On the bright, mild morning in autumn when her life changes forever, Rosala de Garsenc is returning carefully from her favourite walk along the sloping, tree-lined path from the water mill back to the castle when she sees her father-in-law waiting for her astride his horse in the open space in front of the drawbridge.

Her breath quickening with the first stirrings of apprehension, she places her hands protectively in front of her rounded belly but resolutely does not alter her pace. Her husband is away at the court, and Galbert will know that.

"Good morrow, my lord," she says as she comes slowly up to the courtyard. The drawbridge of the castle is down; inside the forecourt a handful of corans are noisily practising with quarterstaves, beyond them serfs are unloading sacks of harvested grain watched carefully by the reeve. It is a bustling tithe day at Garsenc Castle. No one is close enough though to overhear anything the two of them might say to each other.

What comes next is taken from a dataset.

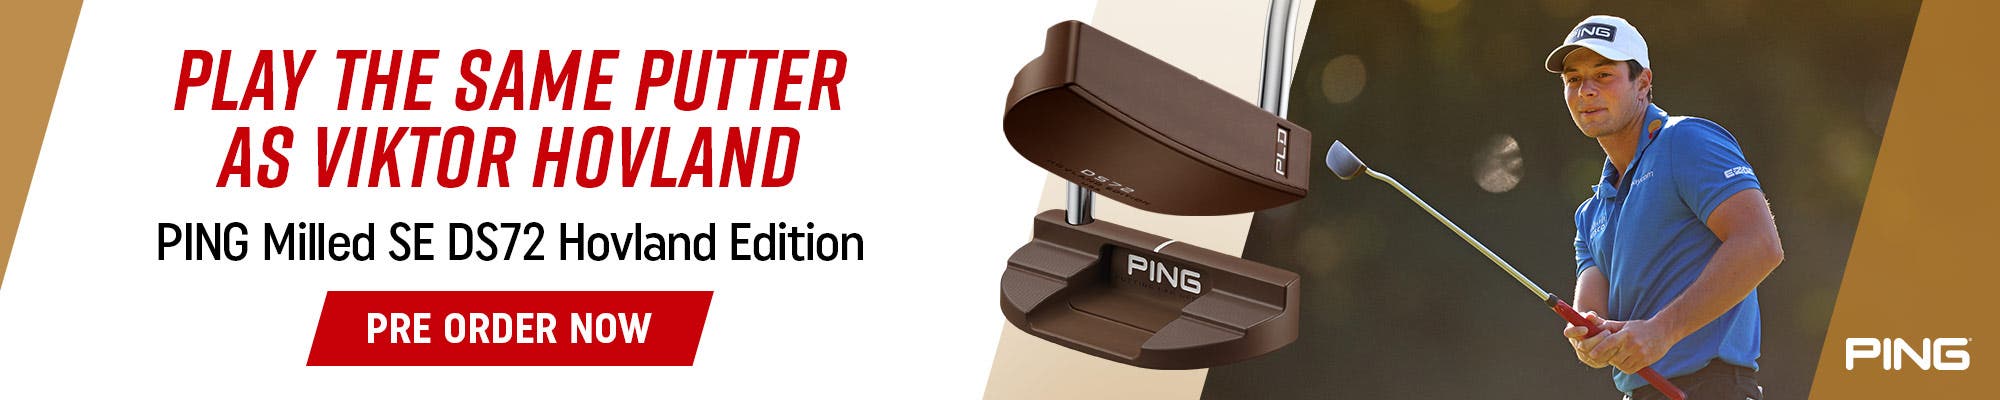 play the same putter as viktor hovland | preorder now

Galbert de Garsenc, massive and imposing in his riding clothes, makes no immediate reply to her greeting, looking stonily down upon her from his horse. He ought to have dismounted, of course, simple courtesy to his son's wife demands that; his failure to do so is a first signal, an attempt to intimidate. Rosala knows by now that almost everything this man does is meant as a means of control.

"Will you come in?" she says, as if there is nothing untoward in his manner at all. "You must know that Ranald is away, but I will gladly do what I may to make you comfortable." She smiles, but only briefly; she will not abase herself before this man, she has sworn it to herself.

He jerks his reins to make the horse dance a little, quite close to her. She stands motionless; she certainly isn't afraid of horses, and she is quite sure, for the obvious reason, that her father-in-law will not risk doing her any physical harm just now.

Galbert clears his throat. "Get in," he says, the celebrated voice icy cold. "Get into the castle immediately before you shame us further. I heard tell that you were walking abroad but refused to credit it. I came to see for myself, certain that the rumours must be idle and false. Instead I find you brazening about obscenely, parading in your condition before the serfs, exactly as I was told. Are you utterly corrupt that you do such things?"